3 June 2025

Gold/Copper Ratio: Signals Still Point to Caution

The gold-to-copper ratio is a widely used tool for interpreting macroeconomic sentiment and anticipating potential market turning points. Let’s take a look at the situation as of early June.

Given gold’s nature as a safe-haven asset and copper’s role as an industrial metal, the price ratio between the two can provide valuable insights into investor sentiment. A high ratio (gold > copper) signals fear, risk aversion, and expectations of weak economic growth. Conversely, a low ratio (copper > gold) is typically a sign of confidence, cyclicality, and expectations of strong economic expansion.

Historically, a sharp rise in the gold-to-copper ratio has preceded recessions or major shocks (e.g., the 2008 financial crisis, the 2020 pandemic). In contrast, a sharp drop in the ratio has often signaled the start of economic recoveries or reflationary periods (e.g., post-2020 with infrastructure investment and the Chinese rebound).

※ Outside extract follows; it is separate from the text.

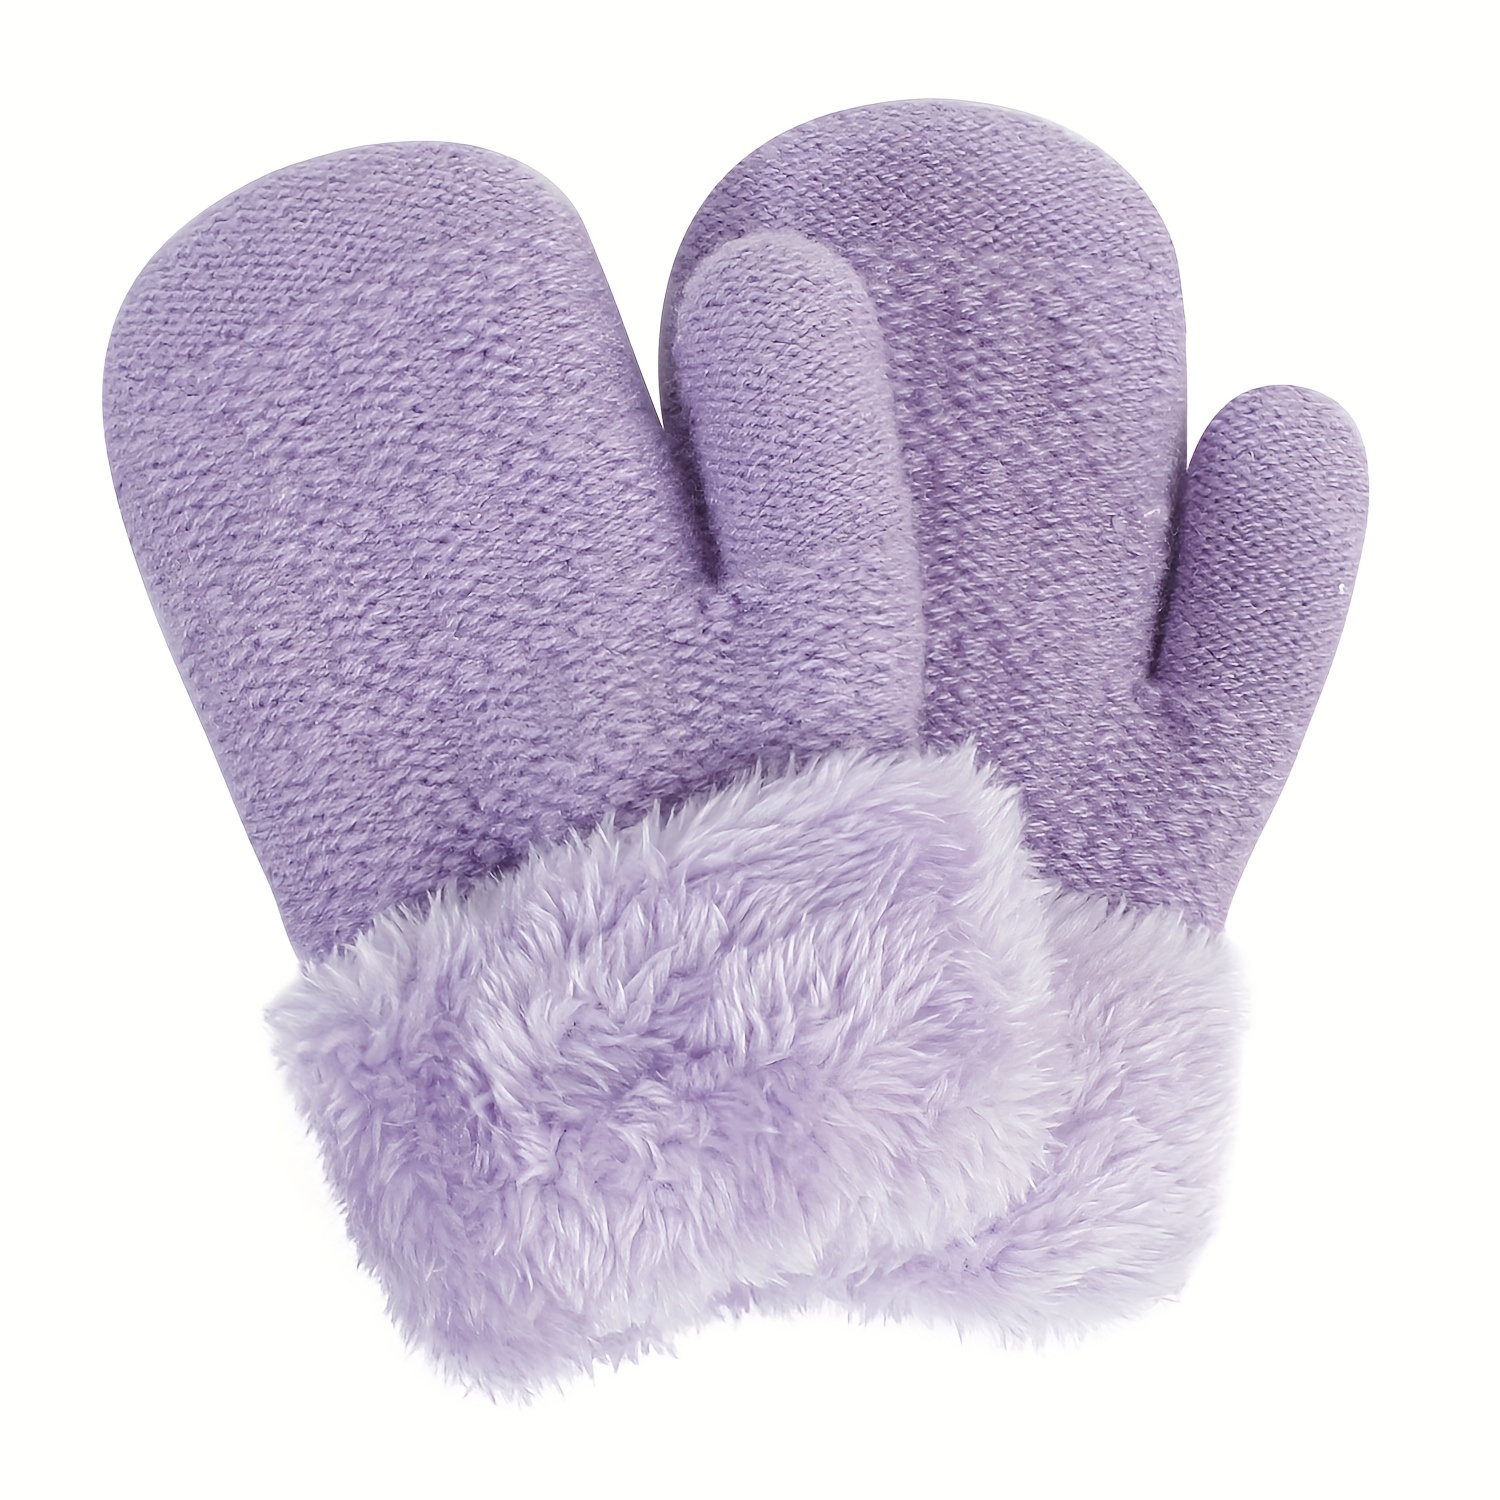 Moufles pour enfants - Doublure chaude - Gants de ski - Gants de neige -  Imperméables - Protection contre le froid - B2 - Pour l'extérieur et le

Now that we’ve outlined the potential of this indicator, let’s examine the current situation as of early June.

In the chart above, we’ve plotted the strength ratio between gold futures and copper futures. The trend is quite clear: after a period of weakness in the first quarter, the indicator spiked sharply around Trump’s “Liberation Day” and is now hovering near 12-month highs.

The takeaway is that market sentiment remains cautious. Moreover, the elevated levels of the ratio continue to suggest a risk of a potential recessionary phase in the coming months.